Yunanistan geçmişe ait yüz karartıcı bir gerçeklik arıyorsa, vahşice Anadolu’yu istila ve işgale kalkışan atalarının kan donduran mezalimiyle yüzleşmelidir.
Çocuk, kadın, yaşlı demeden Anadolu’da barbarca katliam yapan Yunanlıların işlediği bu insanlık suçu Müttefik Devletler Tahkikat Komisyonu Raporu’nda yer almış ve Lozan Barış Antlaşması’yla da tespit edilerek, kayıt altına alınmıştır.
Her fırsatta Türkiye düşmanlığı gibi suni bir gündem oluşturmaya çalışanlar beyhude bir gayretin içindedirler, bu gerçek dışı söylemlerin Yunan halkına da zarar verdiğinin farkına varmalıdırlar..."
DIŞİŞLERİ BAKANLIĞI’NDAN DA AÇIKLAMA GELDİ
‘Pontus’ iddialarına Dışişleri Bakanlığı da tepki gösterdi. Dışişleri Bakanlığı''ndan yapılan açıklamada, "Yunanistan resmi makamları tarafından mesnetsiz ''Pontus'' iddialarının yıl dönümü bahanesiyle yapılan ve tarihi bütünüyle çarpıtmaya yönelik hezeyan dolu açıklamaları külliyen reddediyoruz. Yunan makamlarının tarihi akıl dışı bir şekilde çarpıtma çabalarını ısrarla sürdürdüğünü görmek üzücüdür. Türkiye karşıtı lobilerin bu çarpık iddiaları üçüncü ülkelerde gündeme taşıyarak kamuoyunu aldatmaya yönelik çabalarını da kınıyoruz" denildi.

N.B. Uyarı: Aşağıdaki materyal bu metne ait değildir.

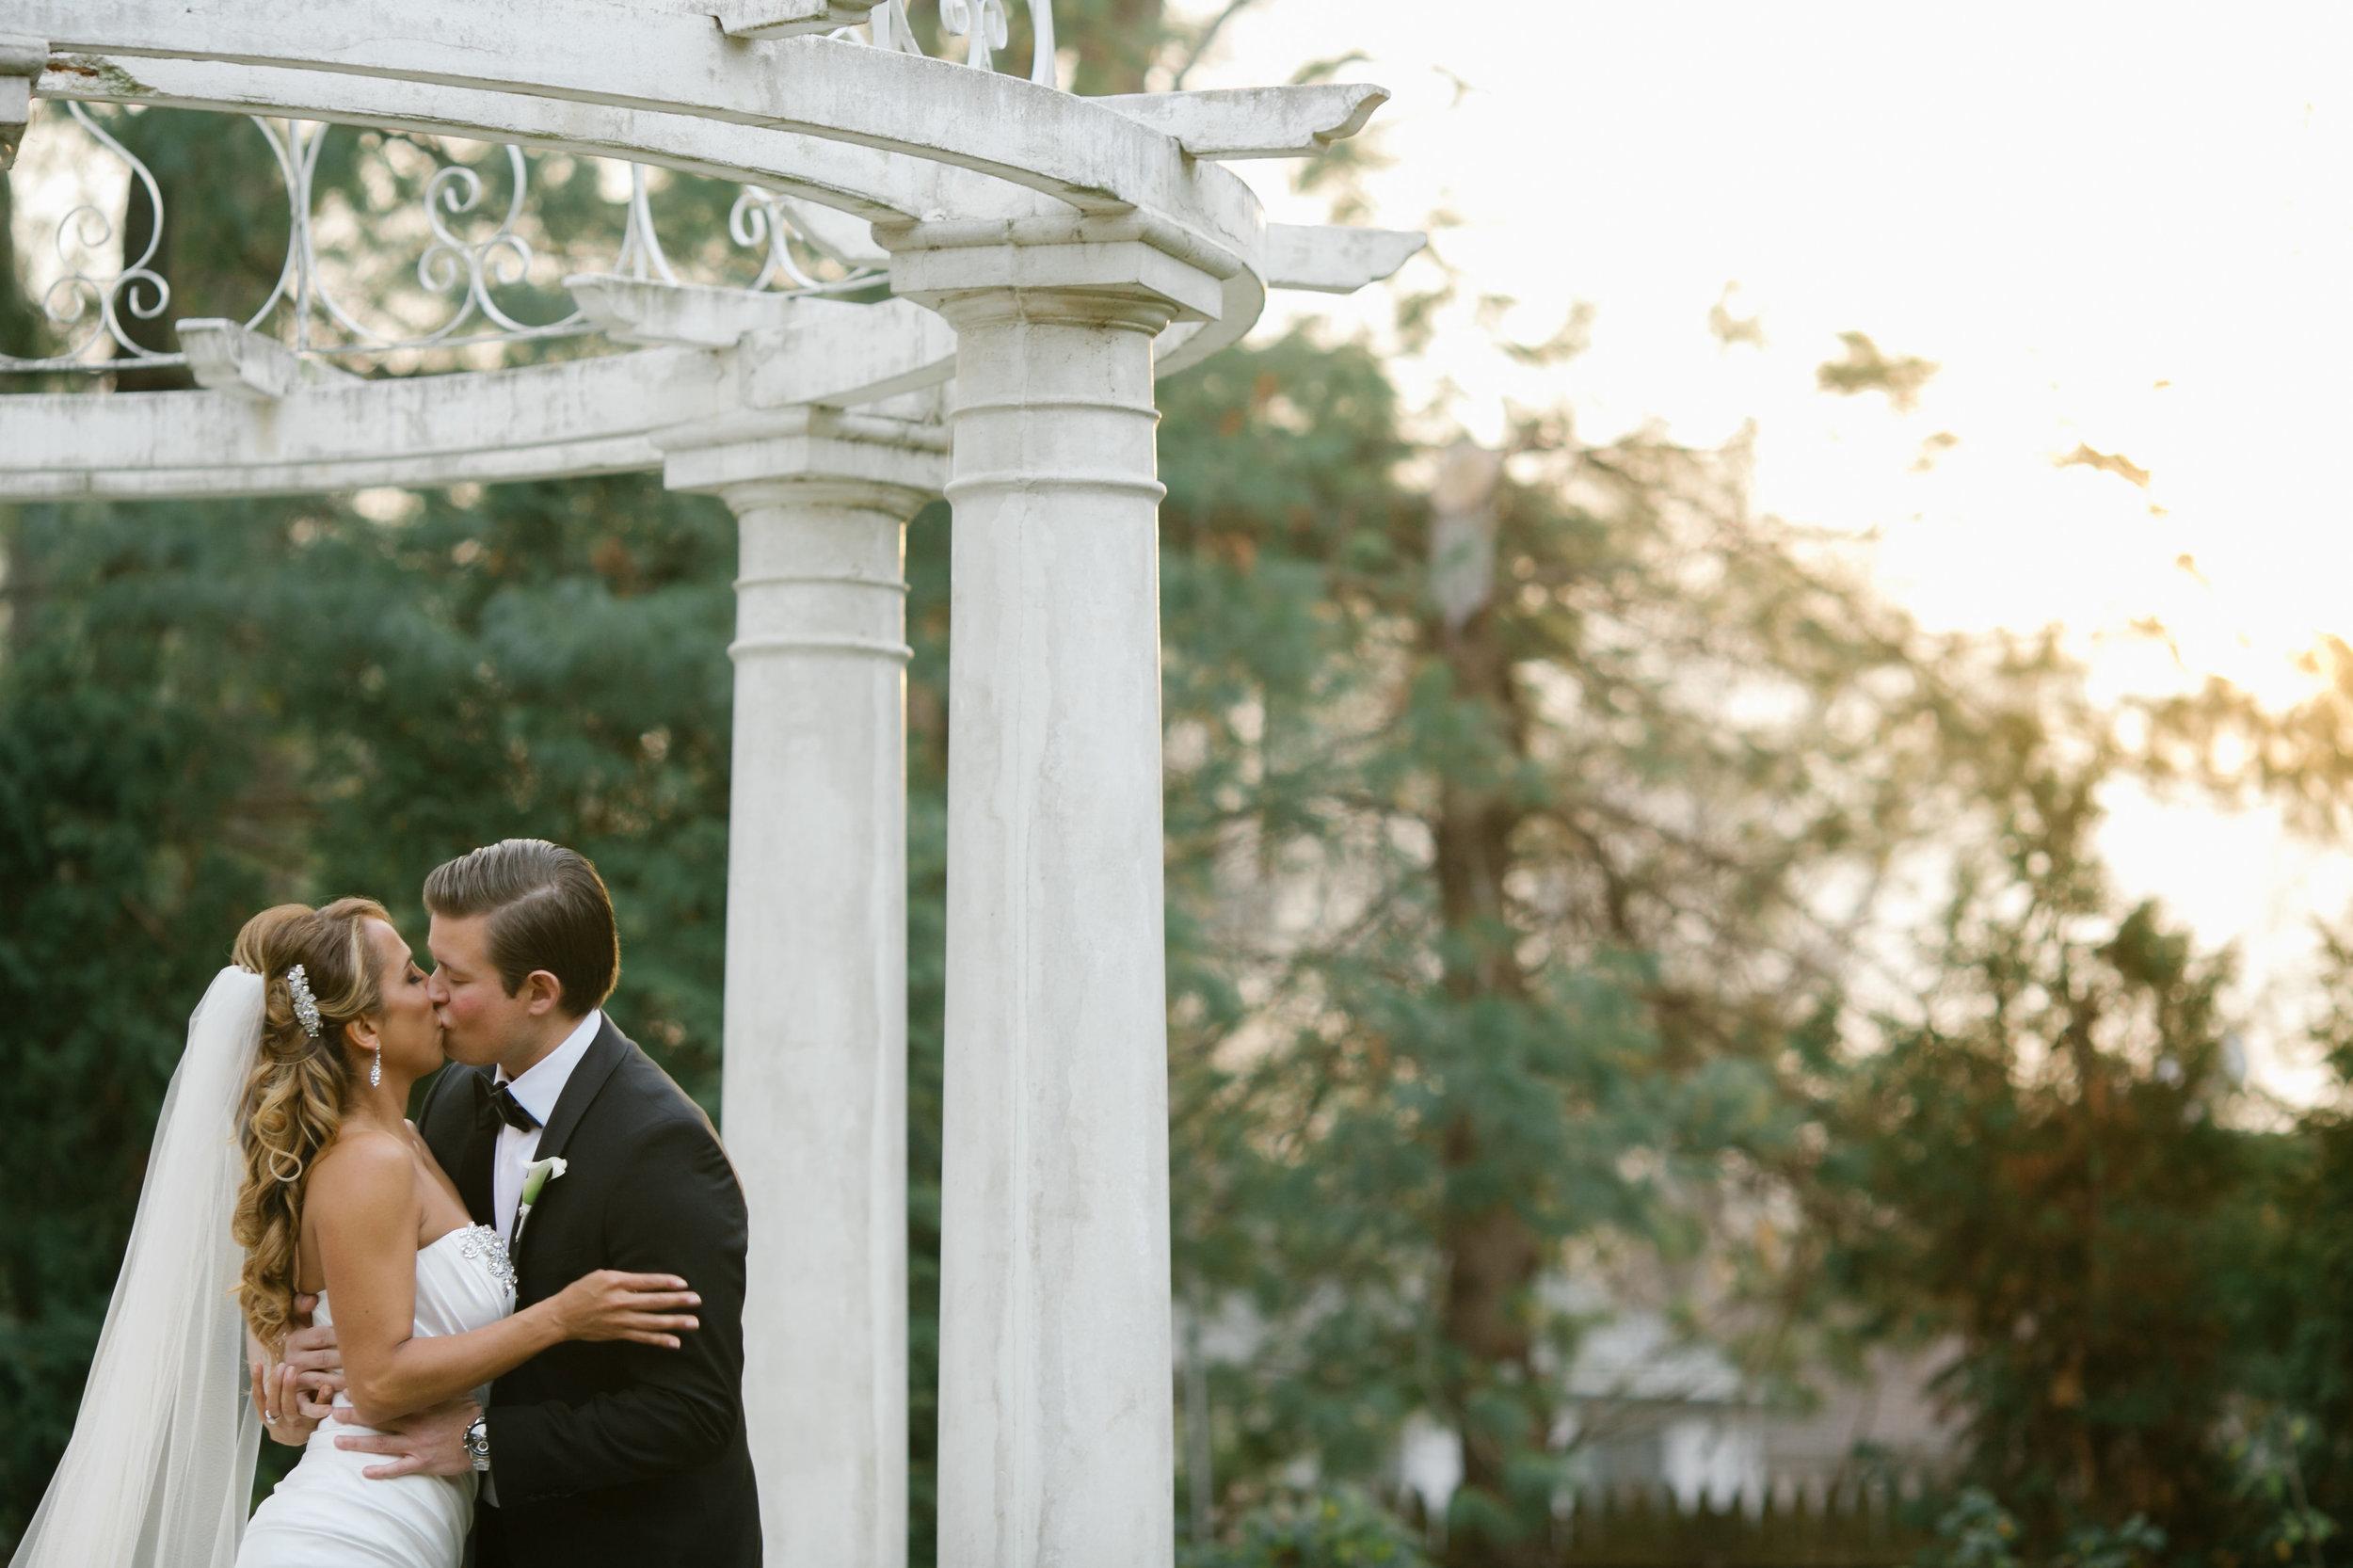 Ceci_New_York_Custom_Invitation_ New_Jersey_Wedding_Luxury_Personalized_Ceci_Style_Bride_Foil_Stamping30.jpg

''BARIŞ, İSTİKRAR İÇİN ÇABA SARF ETMEYE DAVET EDİYORUZ''
Tarihten husumet çıkartmaya ve genç nesilleri yanlış bir mecrada yönlendirmeye çalışanların çabalarının barış ve istikrara hizmet etmeyeceği vurgulanan açıklamada, şu ifadelere yer verildi:
"Gerçekle bağdaşmayan yapay tarih anlatımlarından medet ummak yerine, Yunanistan''ın Anadolu''yu işgal ve istila girişimi sırasında işlediği ve Müttefik Devletleri Tahkikat Komisyonu raporunda yer aldığı gibi Lozan Barış Antlaşması''yla tespit edilmiş insanlık suçlarıyla yüzleşmesi daha makul bir tercih olacaktır. Keza bu iddiaları ileri sürenlerin, 1821 Tripoliçe katliamı dahil, başta Türkler olmak üzere diğer dini veya etnik gruplara karşı işlenen vahşet suçlarını ve mezalimi hatırlamalarında da yarar olacaktır. Yunanistan''ı gerçekleri çarpıtmak yerine iş birliği temelinde barış, istikrar ve müreffeh bir gelecek için birlikte çaba sarf etmeye davet ediyoruz."